Ende der parlamentarischen Demokratie
Das Jahr 1933 stellt für Österreich in der politisch und gesellschaftlich instabilen Lage der 1930er Jahre eine entscheidende Zäsur dar. Die Arbeitslosigkeit erreichte ihren Höchststand: rund 600.000 Arbeitslose, von denen nur rund 65 Prozent noch Arbeitslosenunterstützung erhielten; alle anderen waren "ausgesteuert", also ohne staatliche Unterstützung. Fast jeder zweite Industriearbeiter war ohne Beschäftigung. Dazu kommt, dass der Graben zwischen den zwei ideologischen Blöcken sich immer mehr vertiefte, wobei die Ereignisse eine eigene, nicht immer bewusst gesteuerte Dynamik entwickelten.

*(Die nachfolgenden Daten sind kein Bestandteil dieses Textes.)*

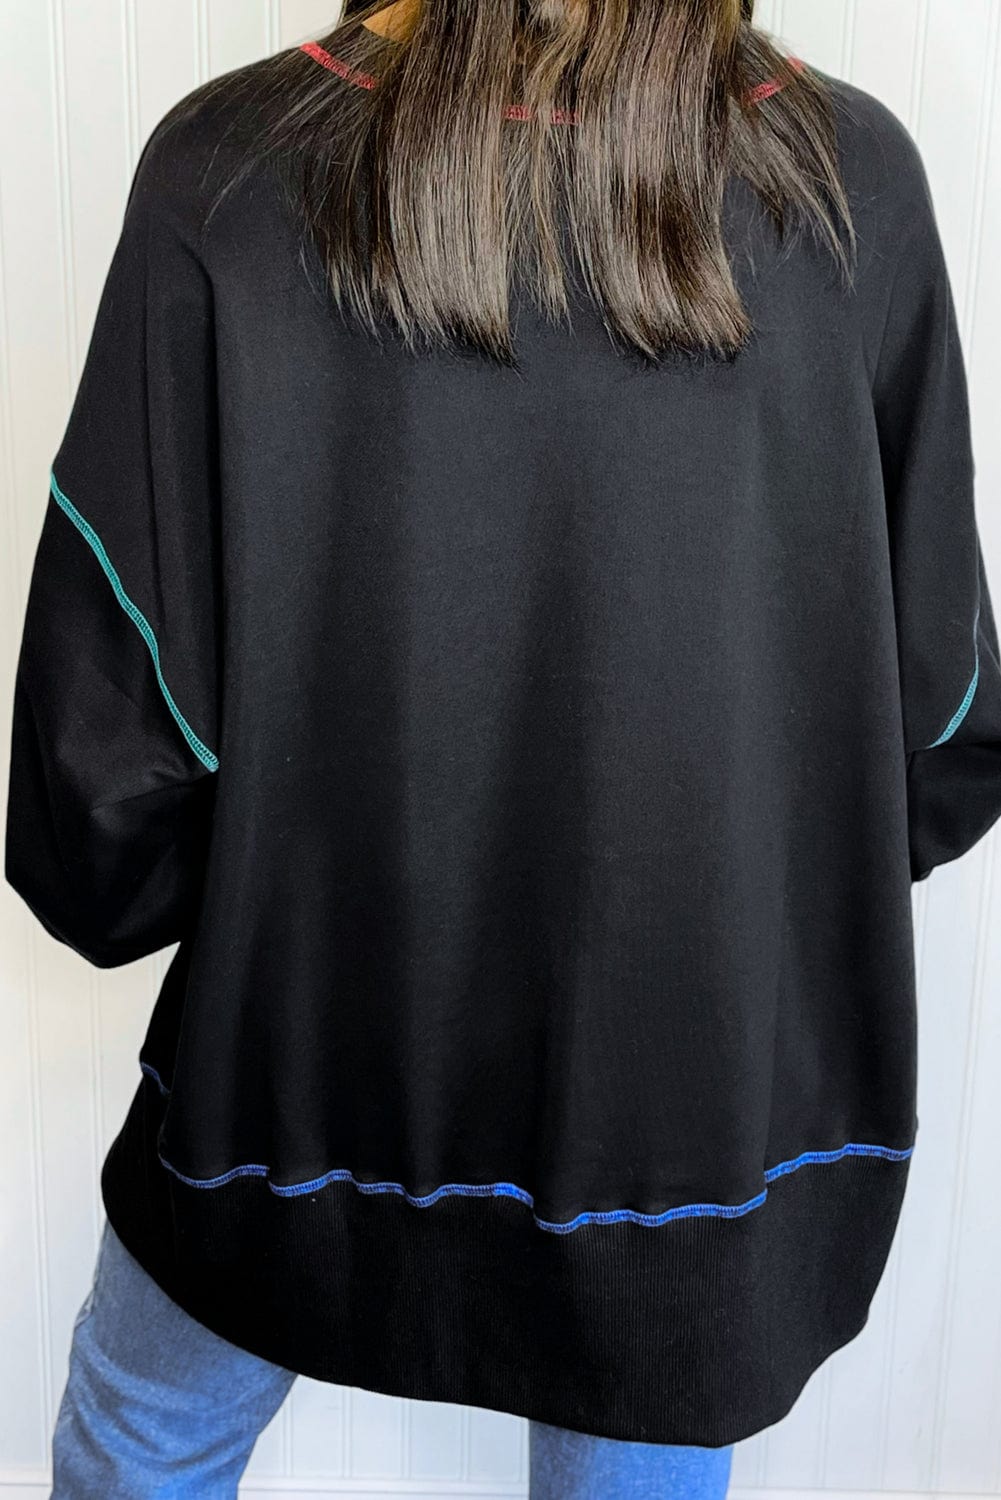 The802Gypsy  Tops/Sweatshirts & Hoodies TRAVELING GYPSY-Contrast Stitching Baggy Sweatshirt

Im März 1933 traten im Zuge einer Abstimmung alle drei Präsidenten des Nationalrates zurück, um als Abgeordnete mitstimmen zu können. Dadurch konnte die Sitzung nicht ordnungsgemäß geschlossen werden, das Plenum war handlungsunfähig. Die Bundesregierung unter Engelbert Dollfuß nutzte die Situation, um auf Basis des kriegswirtschaftlichen Ermächtigungsgesetzes aus dem Jahr 1917 weiter zu regieren.
Diese neue "autoritäre Halbdiktatur" hob sofort demokratische Grundrechte wie Versammlungs- und Pressefreiheit auf; politisch führte sie einen Zweifrontenkrieg: einerseits gegen die Sozialdemokratie (Auflösung des Republikanischen Schutzbundes, der paramilitärischen Vereinigung der Sozialdemokraten), andererseits sah man sich nach der Machtergreifung Hitlers in Deutschland auch einem verstärkten politischen Druck von dieser Seite ausgesetzt: Es kam zu einer Welle nationalsozialistischer Terrorakte und Sprengstoffanschläge in Österreich; als Reaktion darauf wurde die NSDAP verboten. Die Versuche, dem Dollfuß-Regime eine Massenbasis zu geben, griffen nicht – die Ideologie des autoritären Ständestaates, von Dollfuß in seiner "Trabrennplatzrede" dargelegt, konnte nicht die Moblilisierung breiter Schichten erreichen wie wenig später der Nationalsozialismus.
Die politische Opposition, die Sozialdemokratie, schien nicht nur auf Grund der gegen sie gerichteten Repressionen gelähmt. In der Partei herrschte auch Uneinigkeit hinsichtlich der Haltung den neuen Machthabern gegenüber. Einig war man sich auf dem Parteitag im Oktober jedoch darin, die Forderung nach einem Anschluss an Deutschland angesichts der politischen Situation in Deutschland aus dem Parteiprogramm zu streichen.